Quatre jours. C’est le temps qui sépare ce 13 avril du moment où les 20 titres de l’album « XX » de Fally Ipupa déferleront sur toutes les plateformes mondiales de streaming. Et déjà, les compteurs s’emballent, les réseaux s’enflamment, les fans des cinq continents vérifient fiévreusement si leur précommande est bien validée.
Le clip « Doucement », dévoilé le 10 avril, a immédiatement captivé les esprits. Dans un décor de Far West saisissant, Fally Ipupa et Joé Dwèt Filé incarnent des cow-boys des temps modernes, portant leur fusion rumba-kompa dans un univers visuel époustouflant. En quarante-huit heures, la vidéo avait franchi le cap des centaines de milliers de vues sur YouTube. Les commentaires déferlaient en lingala, en français, en anglais, en portugais — un reflet parfait de l’universalité que revendique cet opus.
L’album « XX » célèbre vingt années de carrière solo avec une première édition de vingt titres et un casting étourdissant : Angélique Kidjo, Wizkid, DJ Maphorisa, Calema, Lokua Kanza, Keblack, SDM, Guy2Bezbar et Joé Dwèt Filé.
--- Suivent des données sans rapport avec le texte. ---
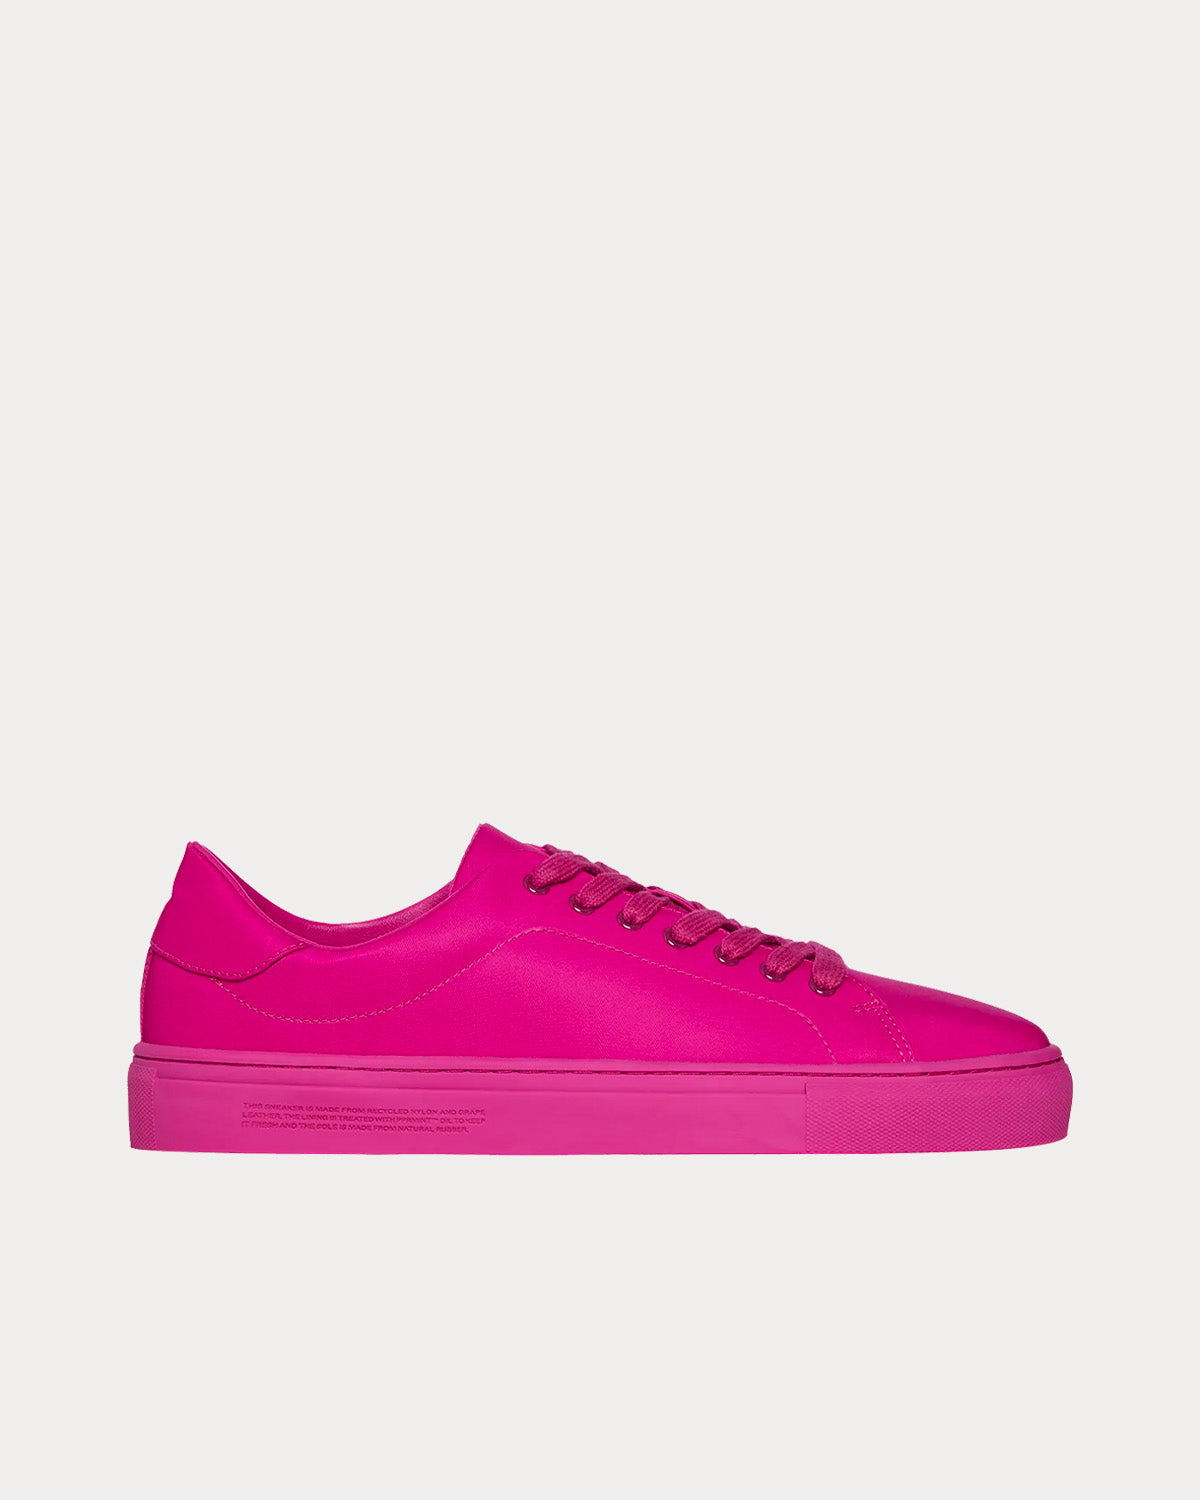 Pangaia - Recycled Nylon Foxglove Pink Low Top Sneakers

Une réédition avec des surprises supplémentaires est également prévue.
Ce que dit cet album au-delà de la musique est fondamental. Pour célébrer deux décennies de carrière, Fally Ipupa prévoit aussi deux concerts au Stade de France les 2 et 3 mai 2026. Pour un artiste africain, s’approprier le stade de Saint-Denis est un symbole culturel de premier ordre. Ce n’est pas seulement une salle de concert. C’est le lieu où la France chante ses victoires, où elle se retrouve. Y amener la rumba congolaise, c’est affirmer que cette musique appartient désormais au patrimoine universel.
La sortie officielle est prévue pour le 17 avril 2026. Avec « Doucement », Fally Ipupa prouve sa capacité à transcender les styles et les frontières, en offrant une expérience musicale à la fois moderne et profondément enracinée dans la culture afro-caribéenne.
Vingt ans de carrière. Vingt ans à réinventer la rumba, à lui souffler un souffle international, à faire danser des gens qui ne savent pas dire « Kinshasa ». Le 17 avril, l’Aigle de Kinshasa prend son envol vers une altitude qu’il n’a jamais atteinte.